One thing to look into is the magnitude of observations. The modular-rl code does some running normalization of inputs, which helps a lot in many Gym tasks.

How come you are using 1.2? I think the latest version is 1.1.0rc2?

The common random numbers should be referring to a variant of TRPO called TRPO-vine, which isn't implemented in rllab.

[Breakend]

@dementrock Sorry that's a typo, meant to type 1.1 (specifically '1.1.0-rc1').

"The modular-rl code does some running normalization of inputs, which helps a lot in many Gym tasks." Ah, that may be the case, I'll look into that. Thanks. I originally thought that's what the normalize call was doing when you wrap an env, but it seems like that just normalizes the action space? correct?

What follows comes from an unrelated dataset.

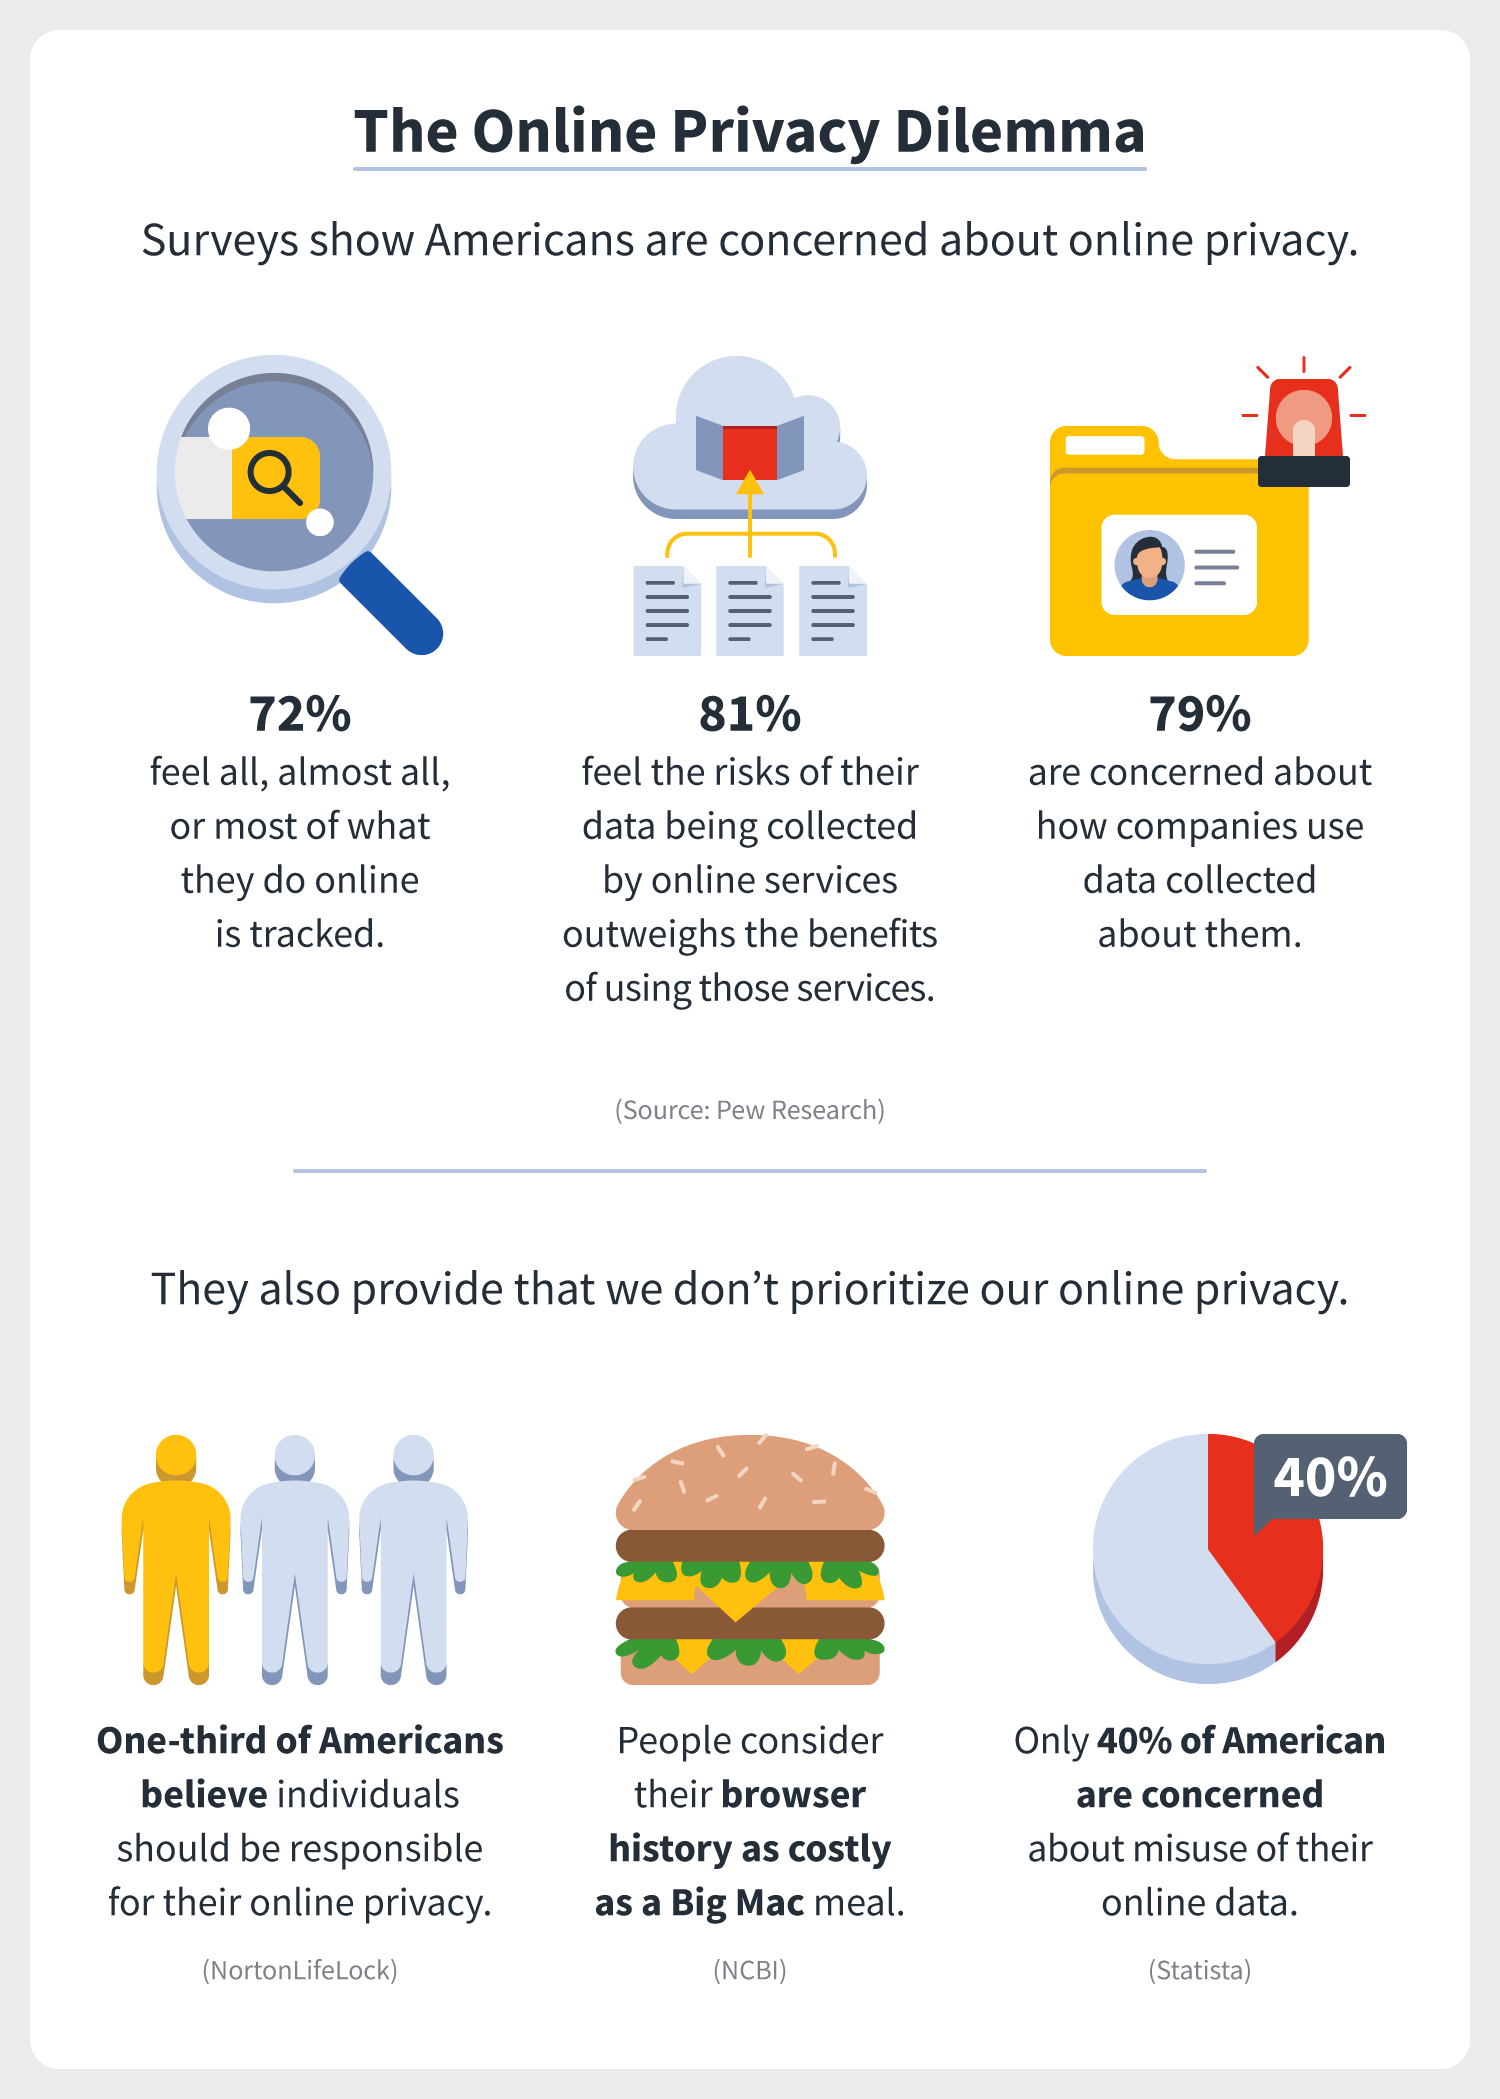 statistics regarding how concerned Americans are about protecting their online privacy versus how they prioritize their privacy, all of which alludes to the privacy paradox

EDIT: ahh, nvm, i see there's the normalize_obs flag. but I guess this isn't quite the same as the filter in modular_rl

"The common random numbers should be referring to a variant of TRPO called TRPO-vine, which isn't implemented in rllab." Ahh, ok thanks.

[dementrock]

The implementation of normalization differs. modular_rl keeps an actual running mean/std but rllab uses exponential decay. Not sure if it matters.

[Breakend]

Initial results seem to point at normalizing the observations (simply using the exponential decay in rllab) and forcing the FiniteDifferenceHvp vs. the Perlmutter (I believe that's the default?) seems to result in consistent convergence (with batch size 5000). Seems like the running mean/std filter is not needed. I'll try to repro this a few times and maybe add an example if you think that might be a good idea.